Oleh:Habib Hamid Ja’far Al Qadri
Allah menciptakan mimpi di muka bumi ini kepada umat manusia. Allah ciptakan khayalan yang semuanya berasal dari pada keinginan. Tatkala manusia berkhayal di dalam hidupnya. Me-manage dan membuat sebuah program di dalam hidupnya, di situ lahirlah sebuah keinginan yang kuat untuk meraih sesuatu yang disebut denga cita-cita.
Imam Ibnu ‘Athoillah as-Sakandari mengatakan tentang orang-orang yang berdoa. Tidaklah Allah subhanahu wata’ala memberi ilham kepada seorang yang sedang berdoa di dalam doa-doanya, melainkan di situ Allah subhanahu wata’ala akan mengabulkan segala permintaan dan doa-doanya. Tidaklah ada hati yang ber-ta’alluq atau berkaiatan kepada sesuatu, melainkan sesuatu tersebut pasti akan diraihnya.
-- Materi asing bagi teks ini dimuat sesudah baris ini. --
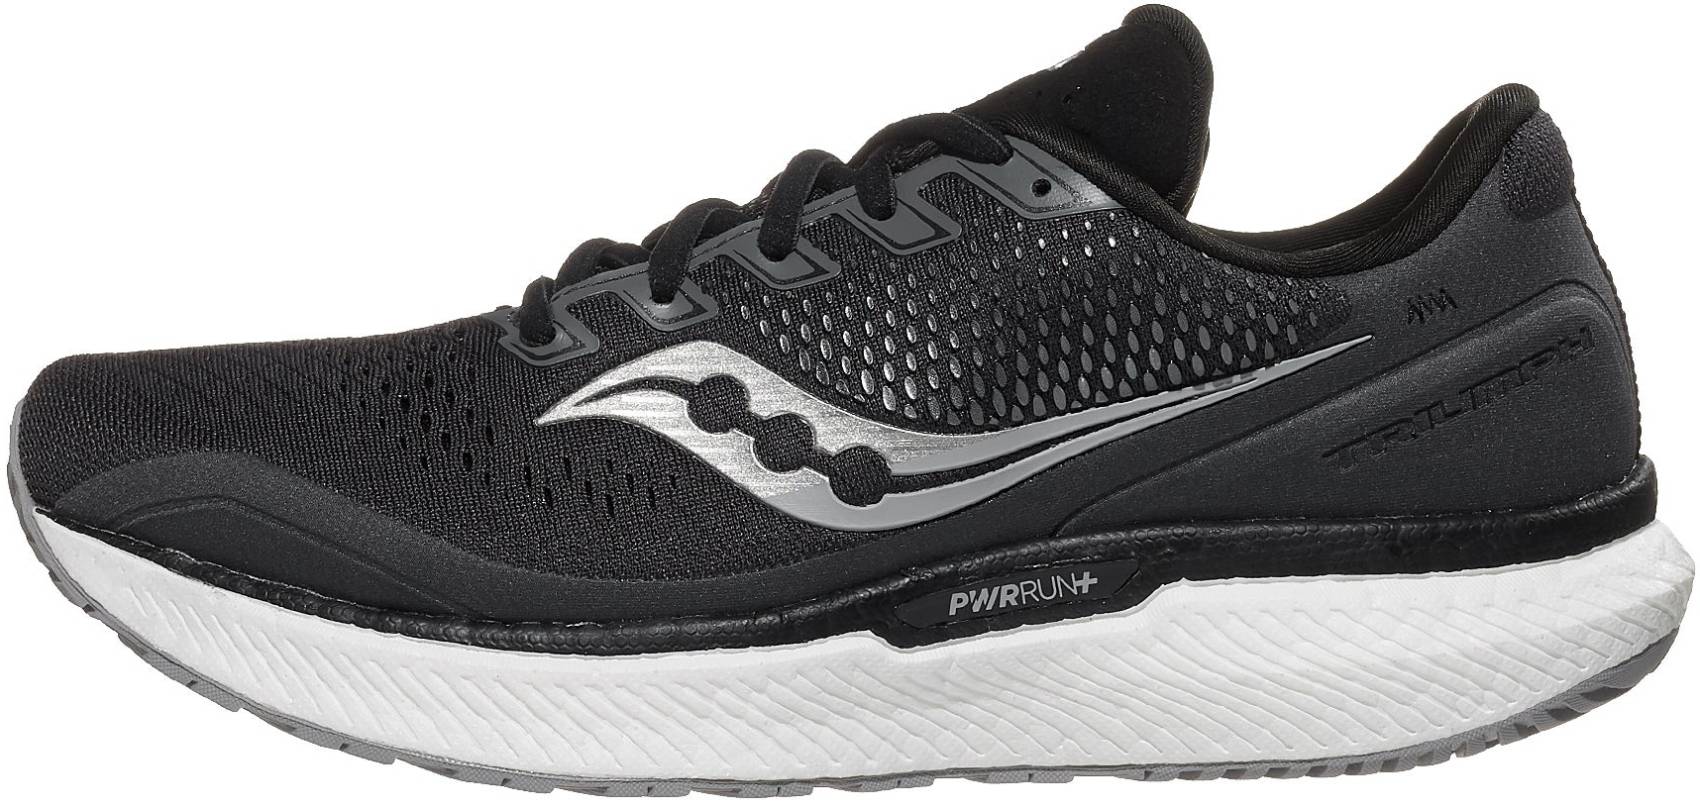 Save 27% on Wide Saucony Running Shoes 
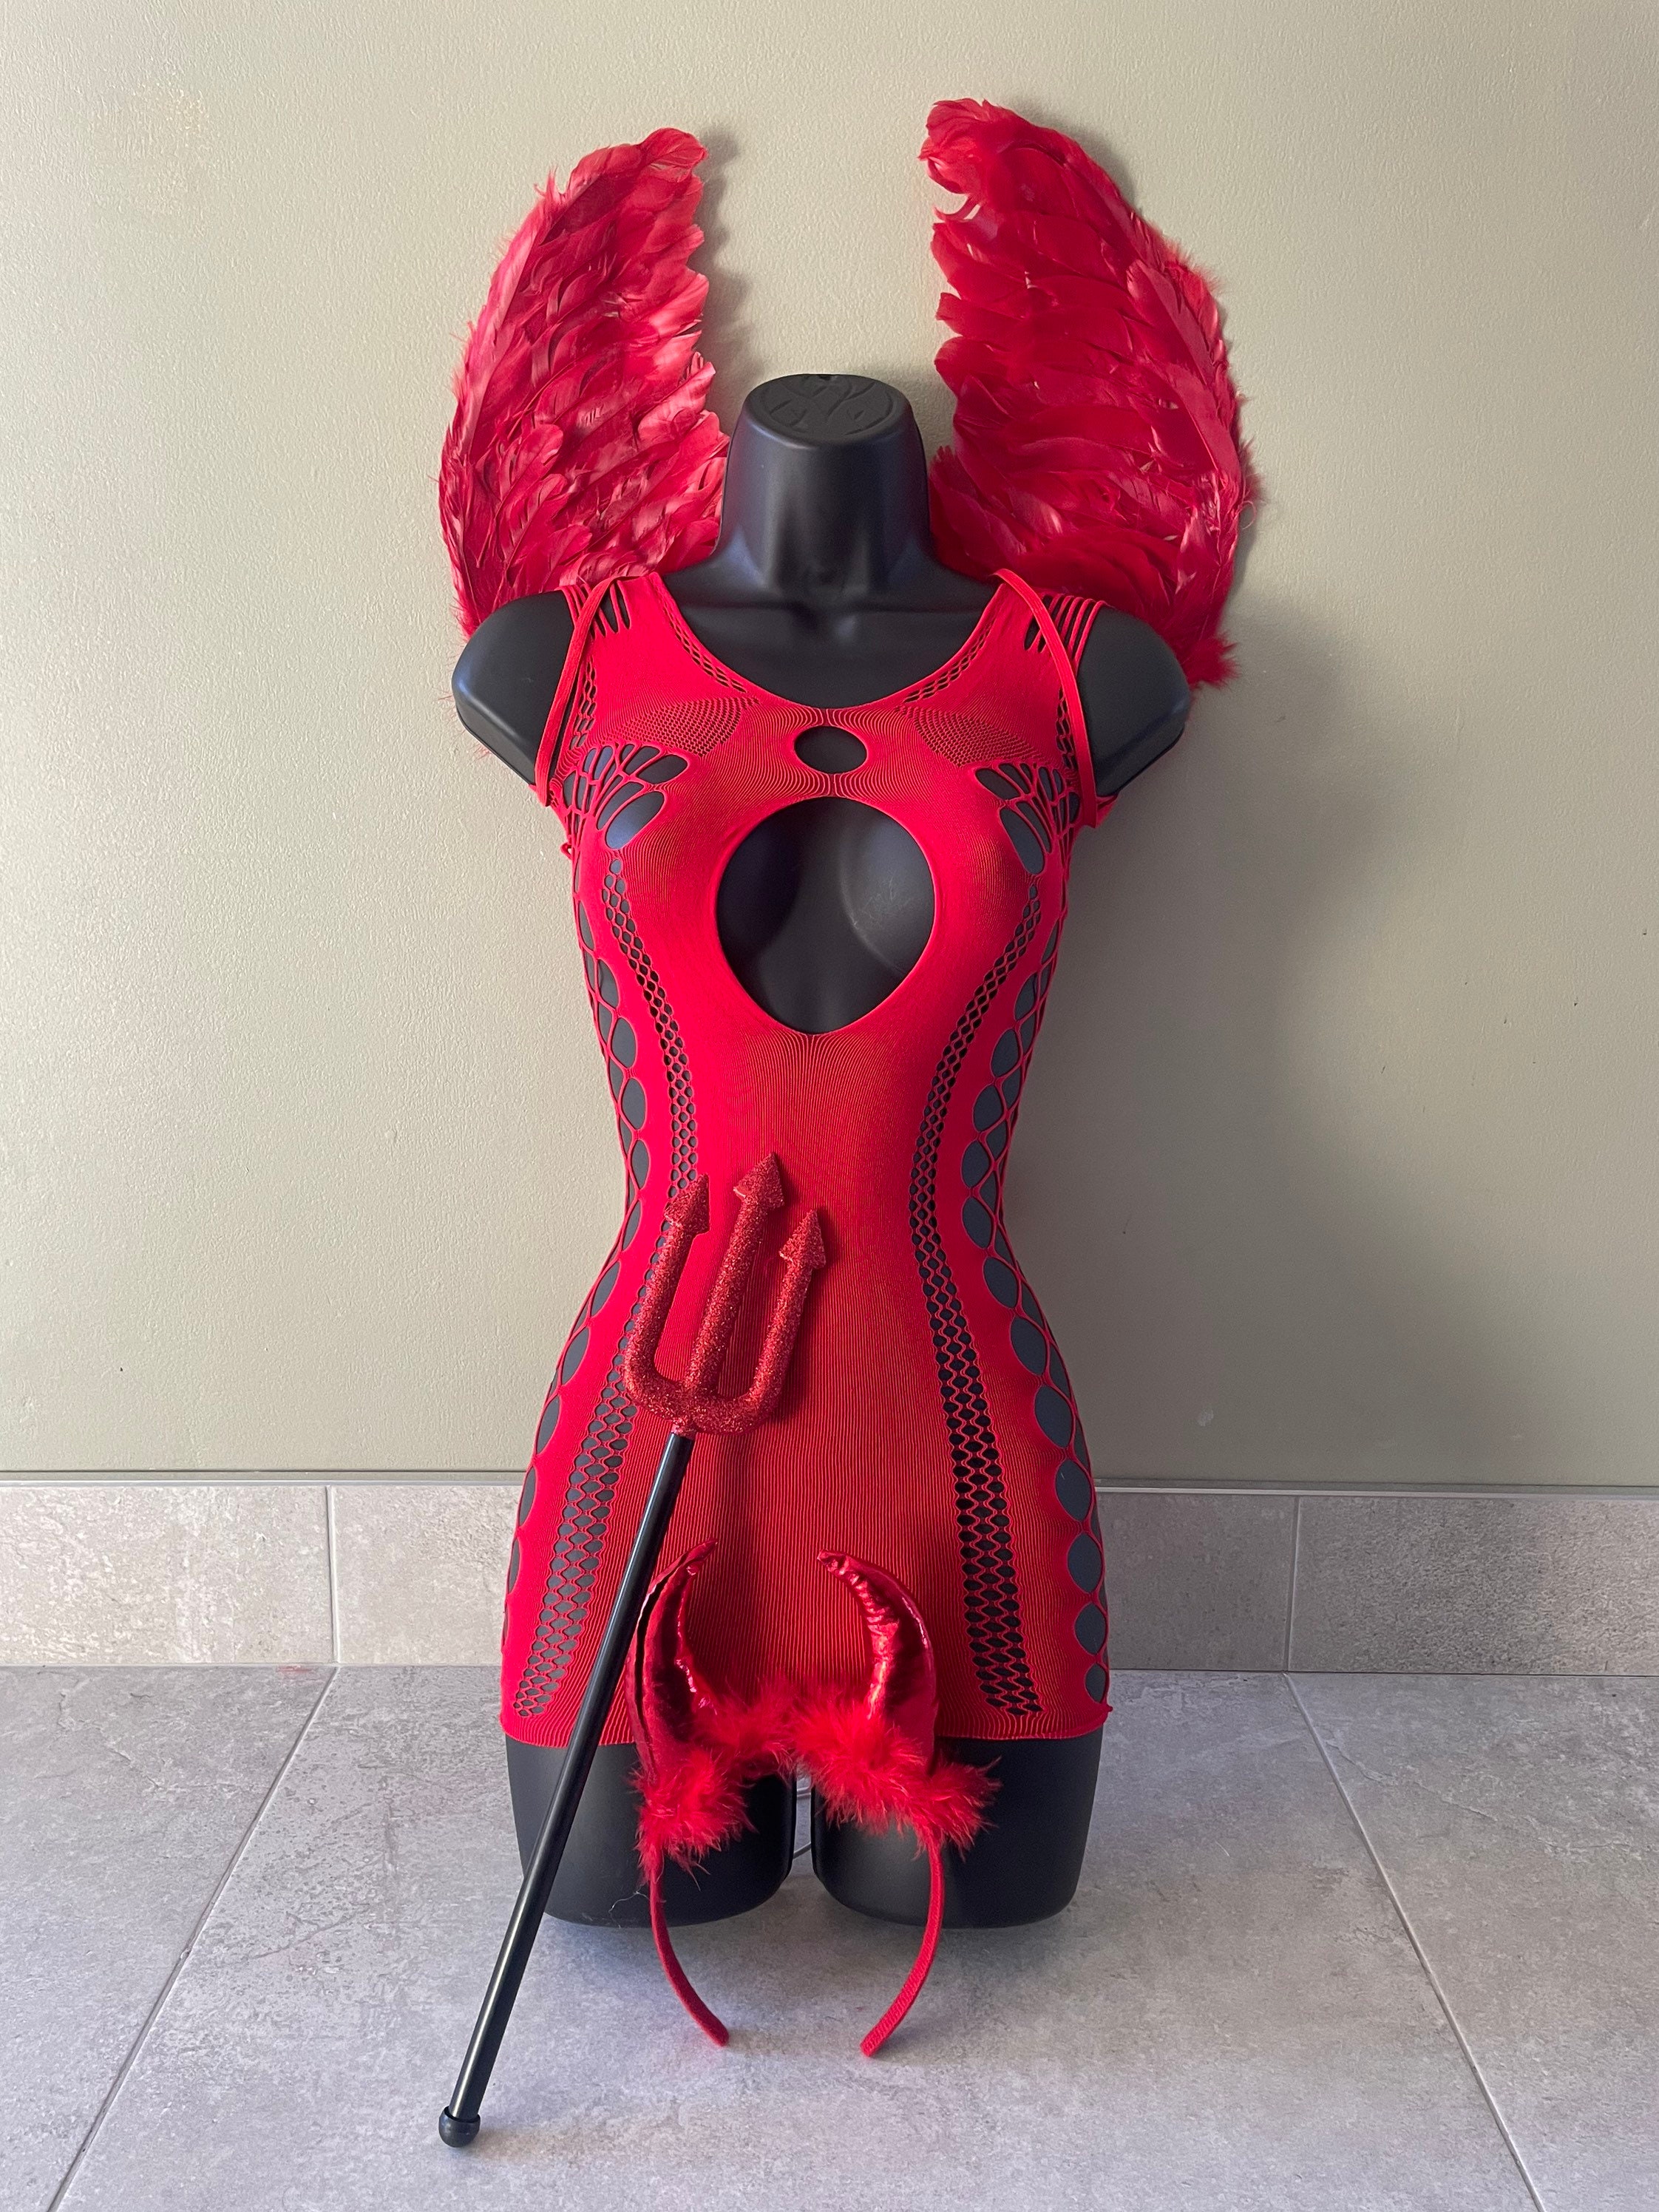 home made devil costumes for adults Porn Photos Hd

Tatkala Allah subhanahu wata’ala menciptakan rasa lapar, maka di situ ada rasa kenyang. Tatkala seorang mengalami rasa dahaga, maka Allah juga telah menyiapkan air yang dapat menghilangkan rasa dahaga dan haus yang dirasakannya.
Maka segala apapun, mimpi-mimpi kita di muka bumi ini. Segala apapun, harapan kita, yang kita bangun di bumi ini, maka di situ Allah subhanahu wata’ala akan mengabulkan cita-cita tesebut. Akan tetapi, sesungguhnya kadang kala cita-cita tidak kita raih karena beberapa sebab. Seperti yang dikatakan oleh penyair, (ia) mengatakan :
Yudabbirul mar’u tsumma yubrihumu, fatashriful ‘anhul maqodiru liya’lamal mar’a anna laisa lahu wa fauqo taqdiruna lillahi taqdiruh
Seseorang me-manage sesuatu di dalam hidupnya. Dia merencanakan, dia membikin sebuah program di dalam hidupnya, akan tetapi kadang ada hal yang lebih baik yang ingin Allah berikan kepada orang ini, kemudian dipalingkan dari cita-cita yang dia bangun dan yang dia impikan. Agar dia tahu wa fauqo taqdiruna lillahi taqdiruh, karena sesungguhnya di atas takdir kita, di atas program kita ada program Allah subhanahu wata’ala.
Orang mukmin akan senantiasa tenang di dalam menghadapi apapun. Orang mukmin akan menjadikan kegagalan demi kegagalan yang dia rasakan sebagai pelajaran dan dia akan membangun sebuah cita-cita yang lebih tinggi dari pada cita-cita sebelumnya. Dan dia meraih sebuah hal yang lebih agung dari pada mimpi yang dia impikan sebelumnya.
Sehingga Nabi Muhammad shallallahu ‘alaihi wa’alihi wa sohbihi wasallam memuji sifat orang mukmin yang demikian itu. Beliau mengatakan ‘ajaban li amril mukmin (artinya) sungguh sangat mengherankan urusan orang mukmin. Kenapa tidak? Bilamana dia mendapatkan musibah, dia bersabar dan mengembalikan kepada Allah subhanahu wata’ala. Cita-citanya gagal, dia akan kembalikan kepada Allah subhanahu wata’ala. Dan bilamana ia meraihnya, maka dia akan bersyukur kepada Allah subhanahu wata’ala. Maka dalam kondisi apapun, orang mukmin akan senantiasa tenang (dan) bahagia. Dan itu lah hakikat dari pada segala cita-cita meraih kebahagiaan.